Suppose someone responds by insisting that “structural violence” is involved in the AI/prior authorization example. I don’t see how that helps. What structure within the AI/prior auth process is violent? I see those processes at work every day. There’s nothing violent about them. They may involve an exercise of power, but the exercise of power is not, by itself, violent. In fact, that’s the salient fact about power: it can be exercised without overt violence. If someone wants to say that the violence there is latent, that’s fine (it’s true), but we still have to distinguish between active violence and an electronic process that relies in an attenuated way on the threat of violence without having to use it. So I’d just dig in my heels: insurance denials are often harmful, but rarely violent.
What then is the advantage of insisting that there is some indiscernible structural violence in the AI example, over just describing the actual structures and processes involved and saying that they lead to unmerited death? I don’t see it.
Atalia Omer’s Israeli anti-Zionism
Having said all that by way of criticism, let me now switch to praise. The Saturday afternoon keynote at PJSA was delivered by Atalia Omer, an Israeli scholar currently at Notre Dame. Omer is, to my mind, one of the most acute anti-Zionist thinkers in the United States; if you read just one paper by her, read “On Amalek, Miracles, and Turning Palestine into a Terra Nullius” (Journal of Genocide Research, May 2025). The paper traces the current Israeli genocide back to its ideological roots in the Amalek story in the Hebrew Bible, invoked by Netanyahu among many others.
The Amalek story legitimizes genocidal extermination of non-Jews by invoking a widely-accepted theological doctrine of Jewish supremacy. There’s no other plausible way to read it. God made the Jews supreme, and chose them as supreme, giving them permission to exterminate their neighbors in the quest for hegemony over the Promised Land. Feel free to fulminate all you like about the evils of Islamism–I’ll join in–but there is no comparable doctrine in Islam. Many Muslims have sung paeans to the atrocities committed by the Muslim armies engaged in the glorious task of conquering the world for Islam–Abu Tammam’s ode to the Muslim conquest of Amorium is a classic example–but there is no orthodox doctrine in Islam that describes Muslims as a Chosen People selected by God for supremacy and genocide. Brush up on your classical Arabic and look. You won’t find it. But you don’t have to look very far to find this doctrine in the Hebrew Bible. It leaps off the page and smacks the reader in the face.

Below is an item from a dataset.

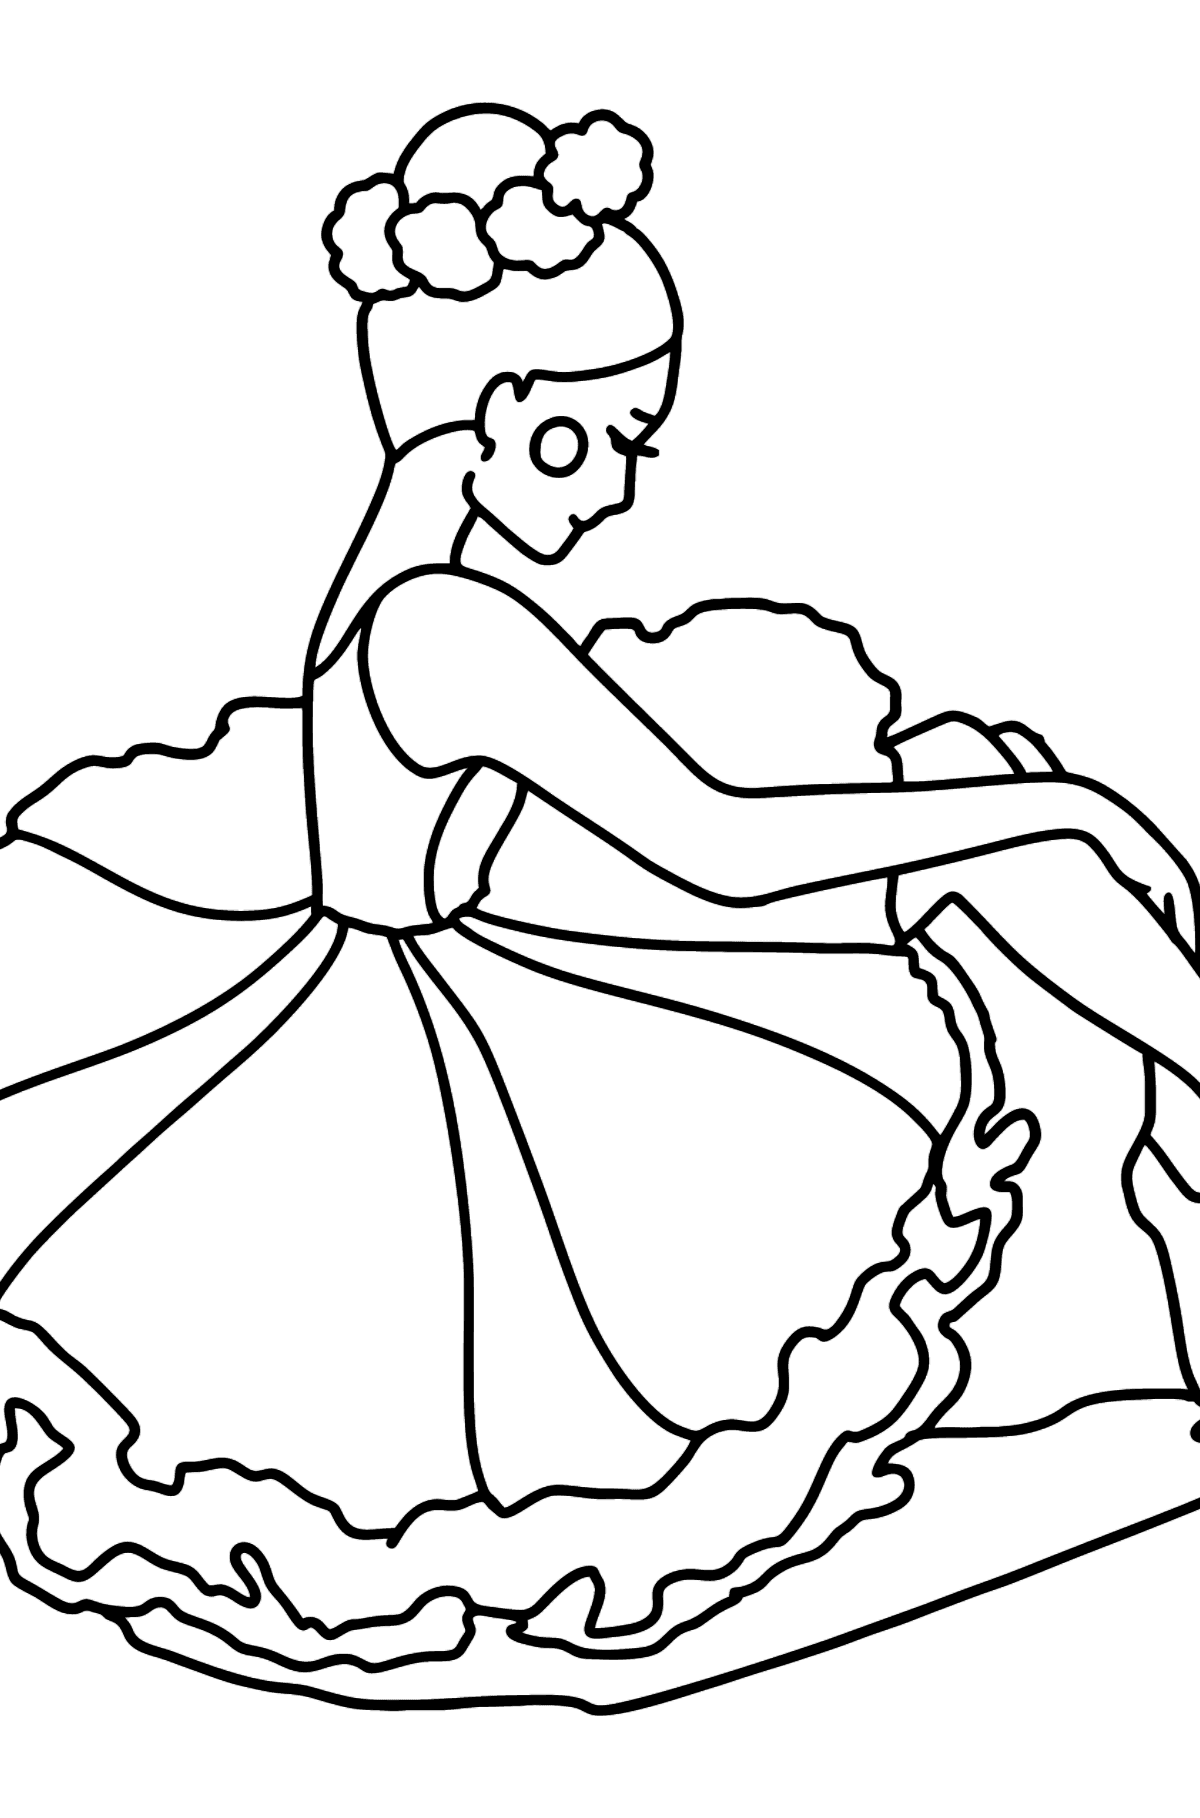 Ballerina in a Lush Dress coloring page - Coloring Pages for Kids

You also won’t get very far before you encounter an army of hermeneutic excuse-makers for this doctrine, very eager to convince you that the doctrine says other than what your eyes and brain suggest it says. The defenders of the “Judeo-Christian tradition” can’t accept the possibility that their God is a complete psychopath, who’s saddled His followers with a bunch of psychopathic doctrines that they have to deny, minimize, mystify, or explain away so that they can continue convincing themselves and others that their tradition constitutes the apex of human civilization.
Thankfully, Omer is not one of this bunch. Unlike a lot of Israeli academics, including some putatively post-Zionist ones, Omer makes some pretty straightforward criticisms of Zionism as such and Israel as such, and at least considers the possibility of making some criticisms of Judaism as such. It really should not be all that difficult to do in this supposedly secular, post-Enlightenment, post Biblical Critical, Islamophobia-normalizing age to ask whether the worst malfeasances of Israel can be chalked up to Zionism, and whether the worst malfeasances of Zionism have their roots in Judaism. But apparently it is.
I have no idea whether Omer would agree with any of this, but suffice it to say I appreciated the plain talk and unapologetic moral outrage she expressed. “If you normalize genocide, you will have nothing left,” Omer said, quoting the Palestinian legal scholar Noura Erakat. Erakat was addressing the UN, and I think her point was that nothing is left–nothing is left of the West’s pretensions to moral supremacy over the non-Western world. Whatever its empty protestations and self-justifications, the “West” has been normalizing genocide against lesser peoples for centuries now. The Gaza genocide is just a reminder that they haven’t gotten over their malady.
Consider just the American case. The destruction of the Native Americans is a done deal in this country. Monday is still Columbus Day. Indigenous Peoples’ Day still elicits derisive snickers, not respect.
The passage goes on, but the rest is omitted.